[The records Boundary: Start]
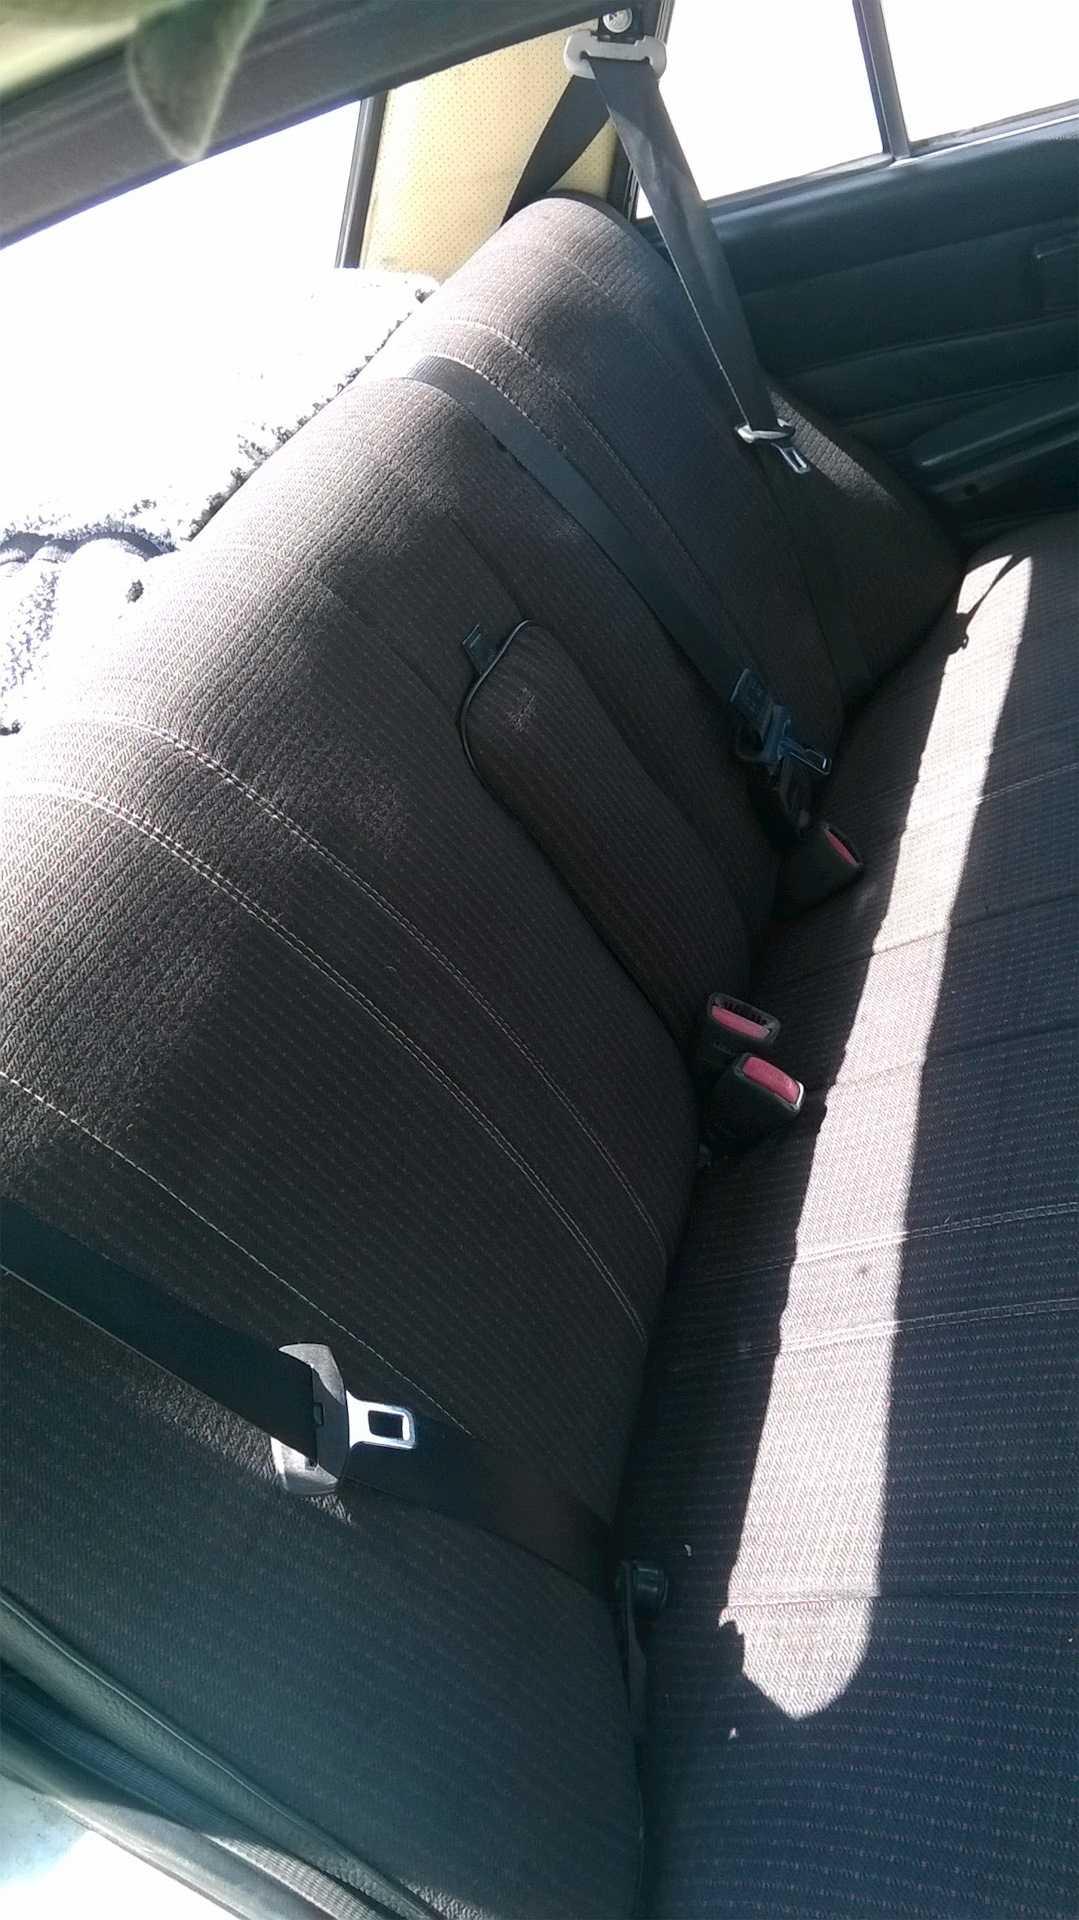 Установка ремней безопасности на ваз 2106 – поэтапная инструкция по устаовке задних ремней безопасности на автомобиль ваз 2106 — автороссия.рф
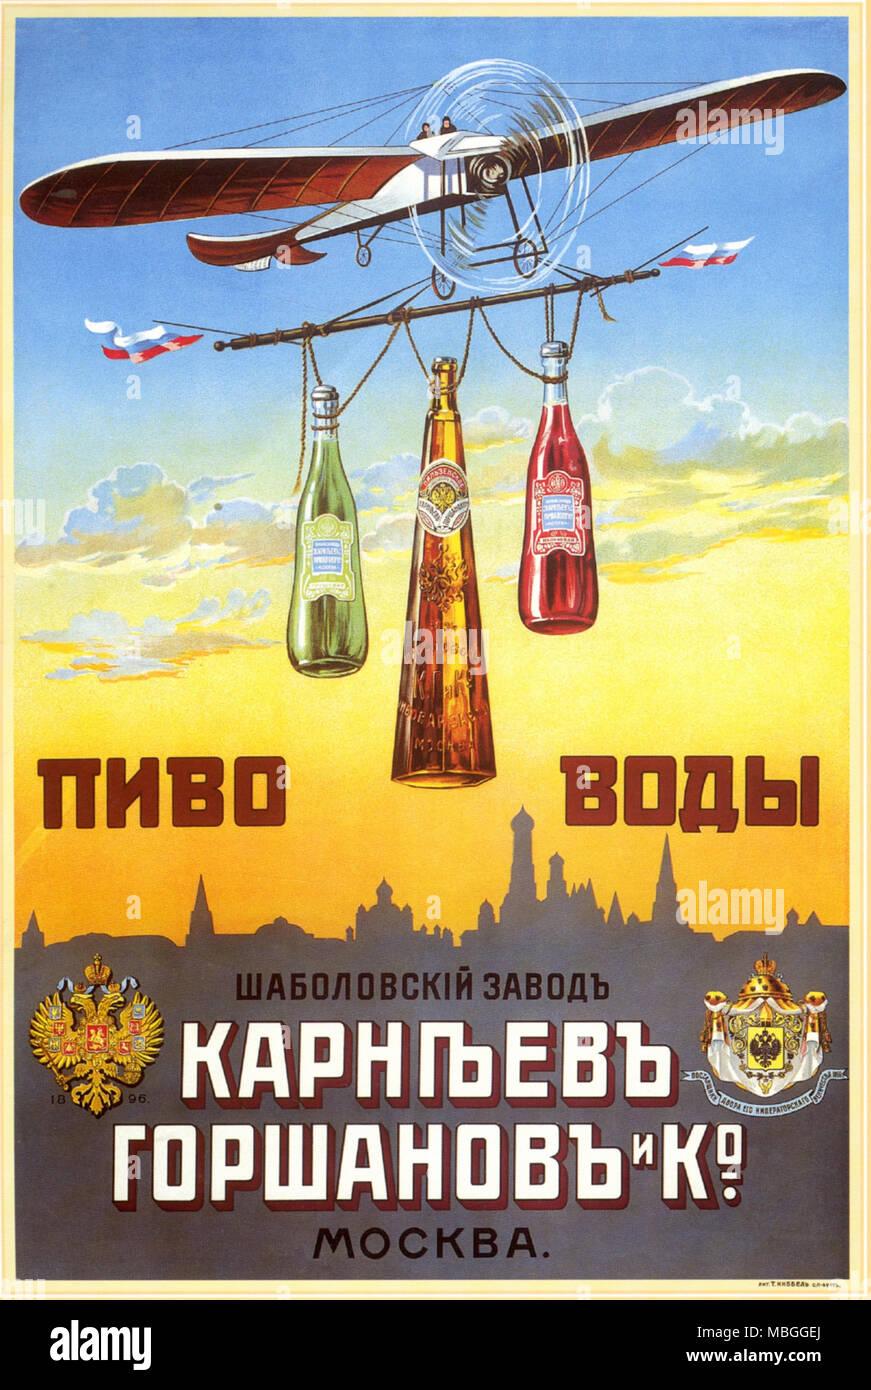 Bier & Wasser - Getränke in Flaschen aus Karneyev-Gorshanov & Co ...
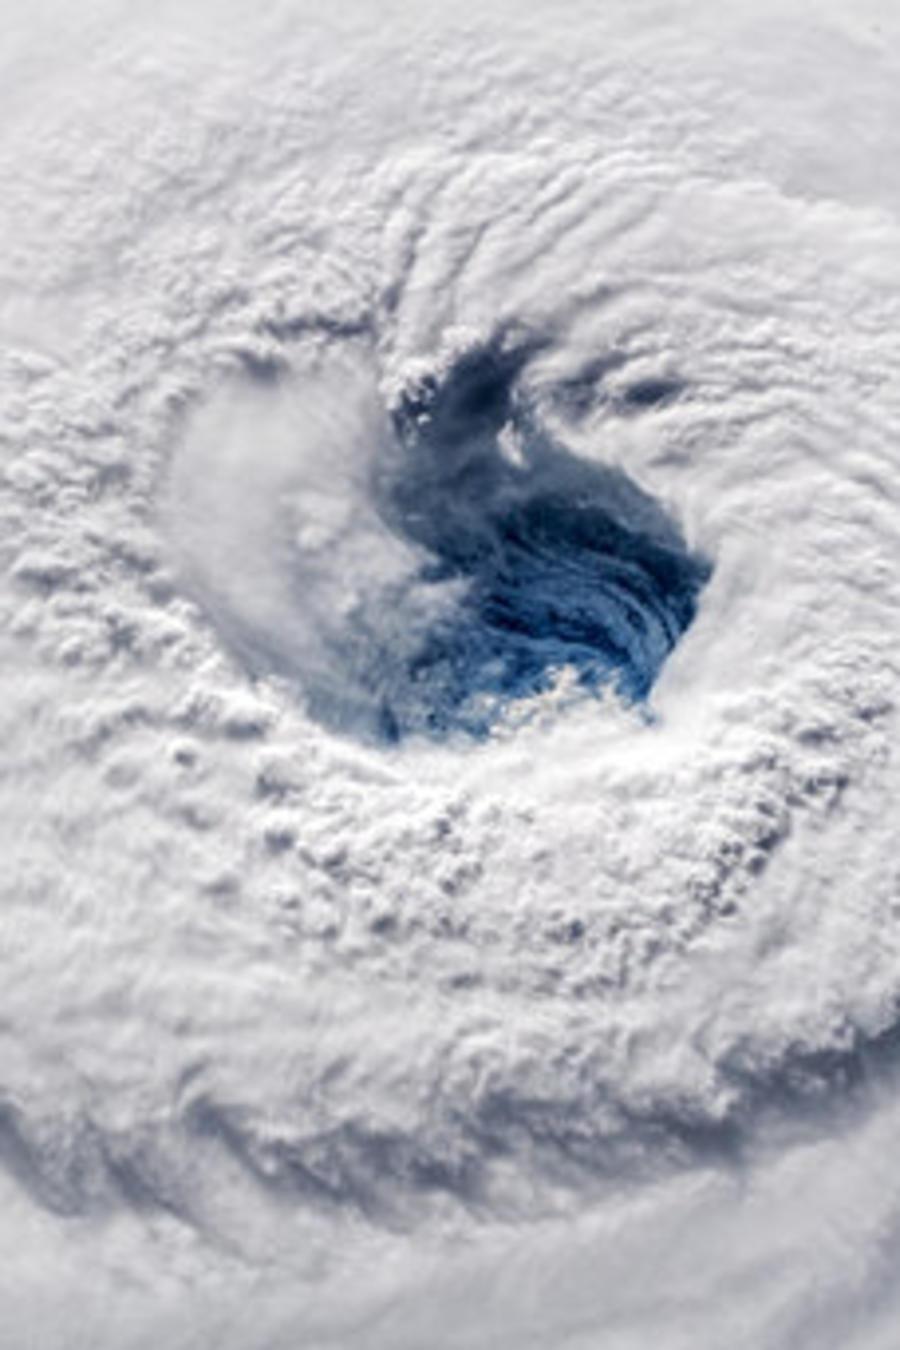 Un hombre se protege de los efectos del huracán Florence, en una imagen de 2018.
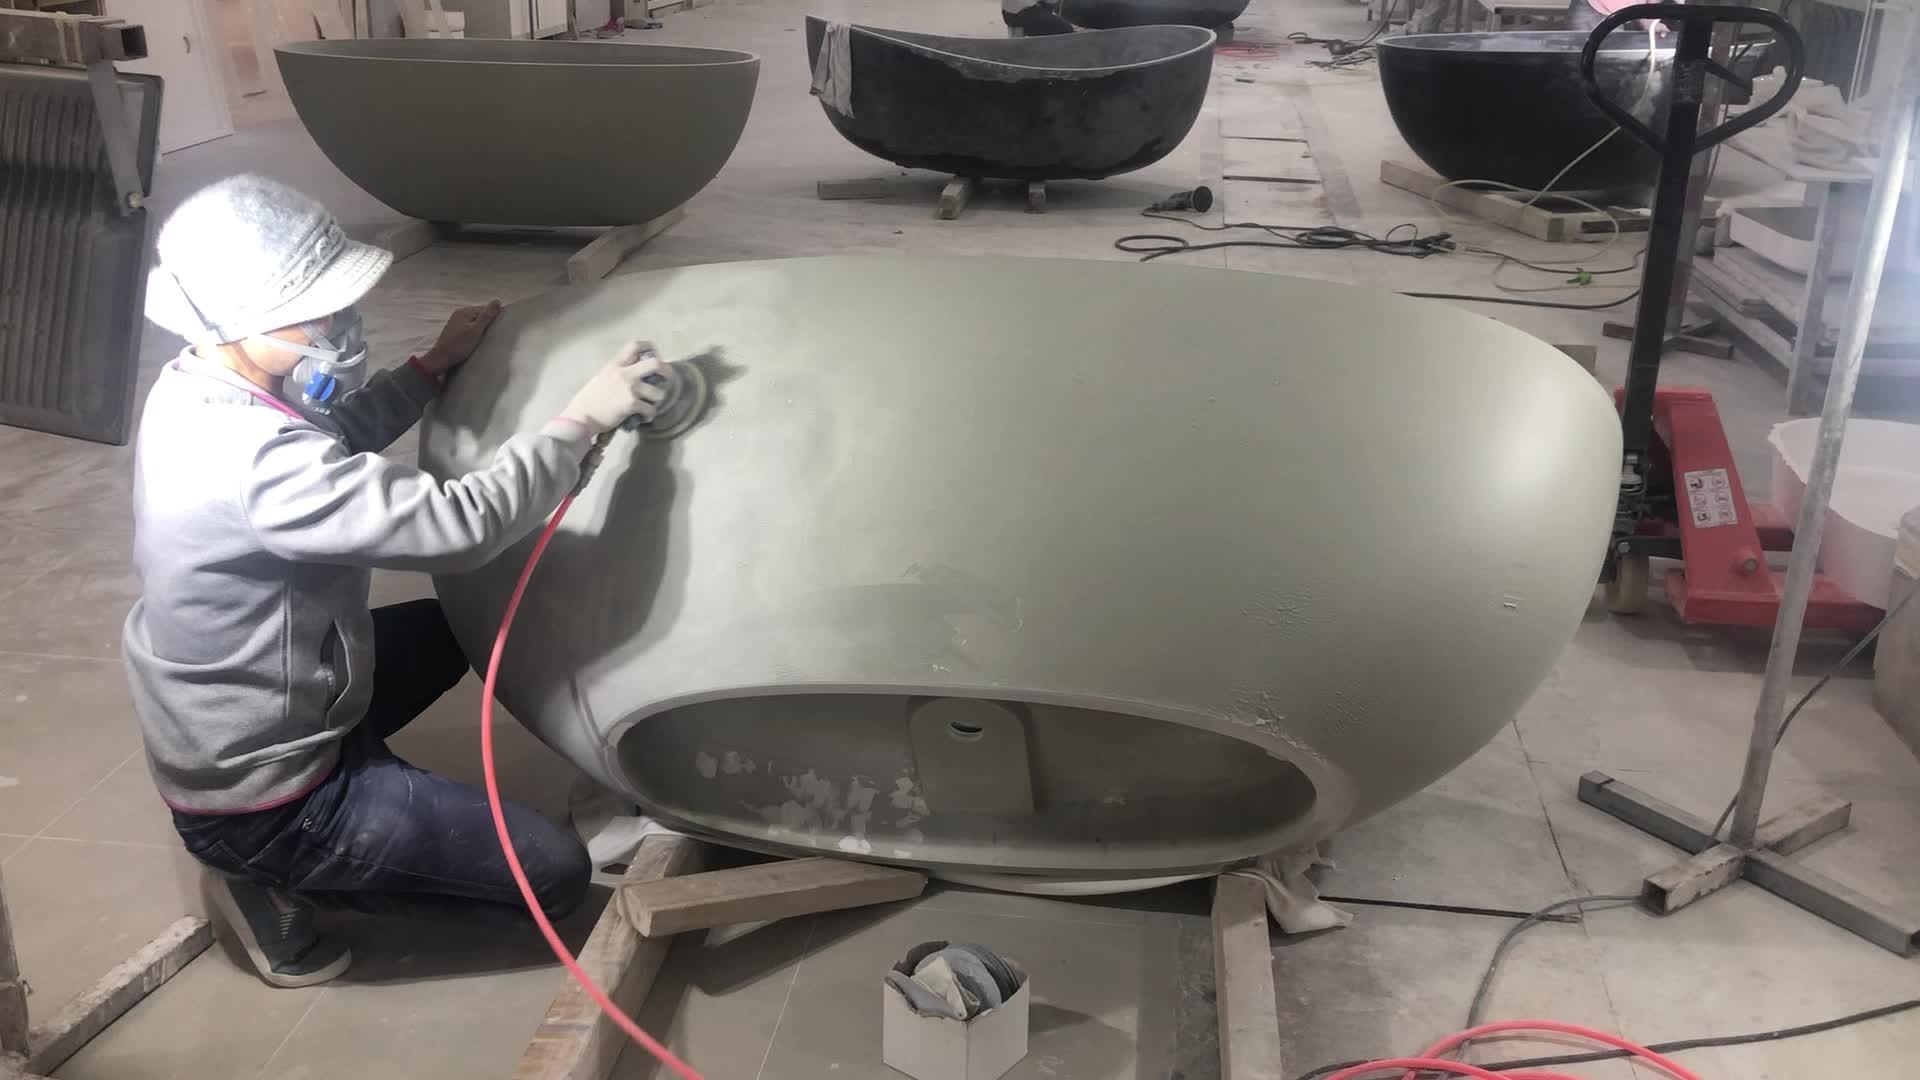 Siyah yapay mermer standı ücretsiz banyo küveti, iki kişi büyük boy katı yüzey kompozit taş reçine bağlantısız küvet
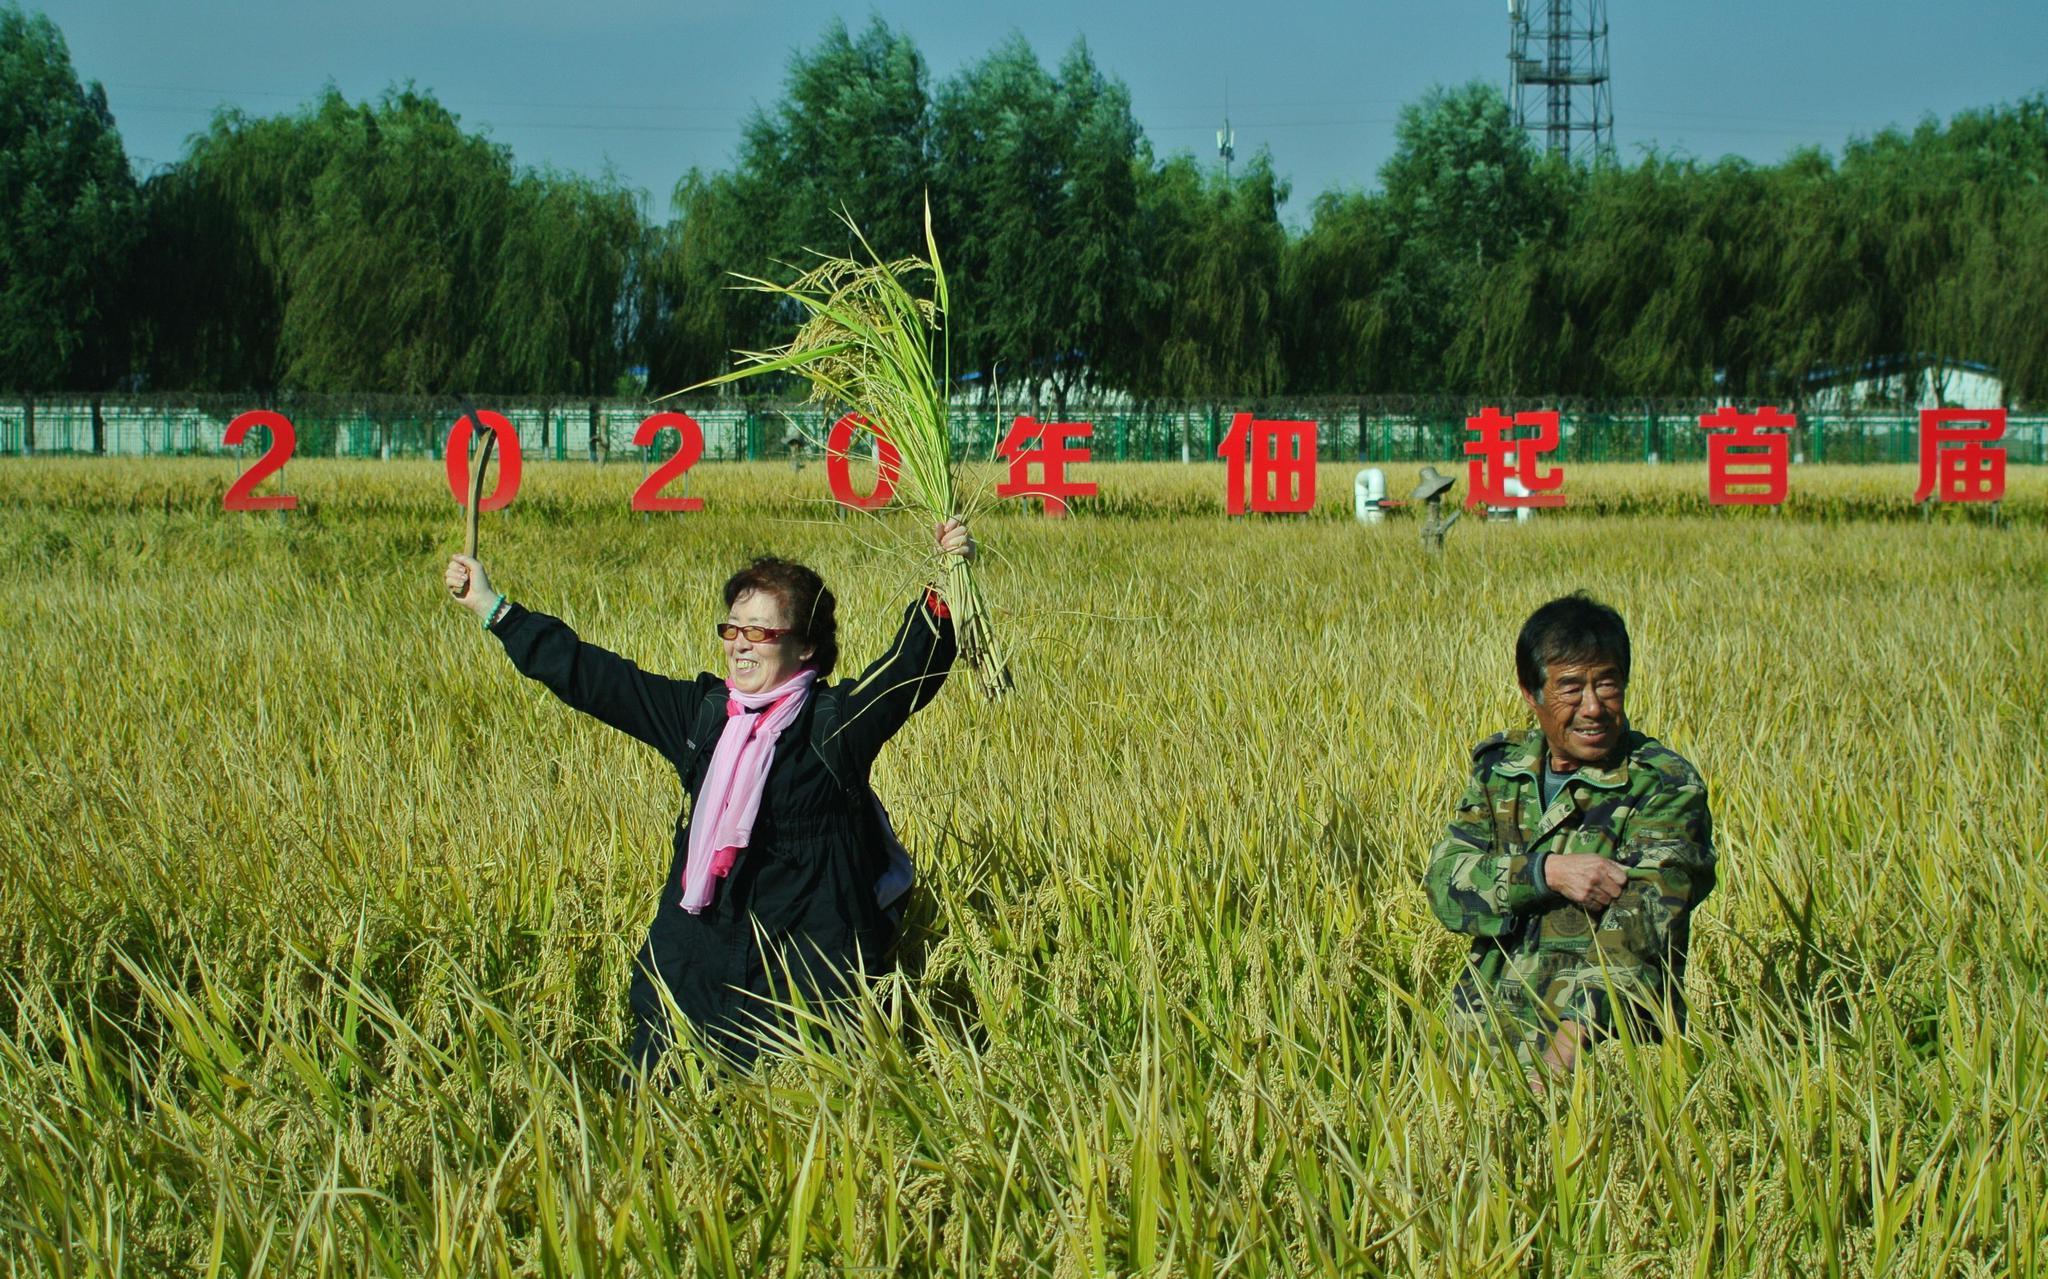 京西王佐镇稻香飘 北京六城区内最大稻田今日开镰图片
[The records Boundary: End]
▶ What is expected
Each line from the one holding "Siyah yapay mermer" down to the end of the records is to be reproduced unaltered, and the pictures are to be omitted.

▶ Response box
 Siyah yapay mermer standı ücretsiz banyo küveti, iki kişi büyük boy katı yüzey kompozit taş reçine bağlantısız küvet
 京西王佐镇稻香飘 北京六城区内最大稻田今日开镰图片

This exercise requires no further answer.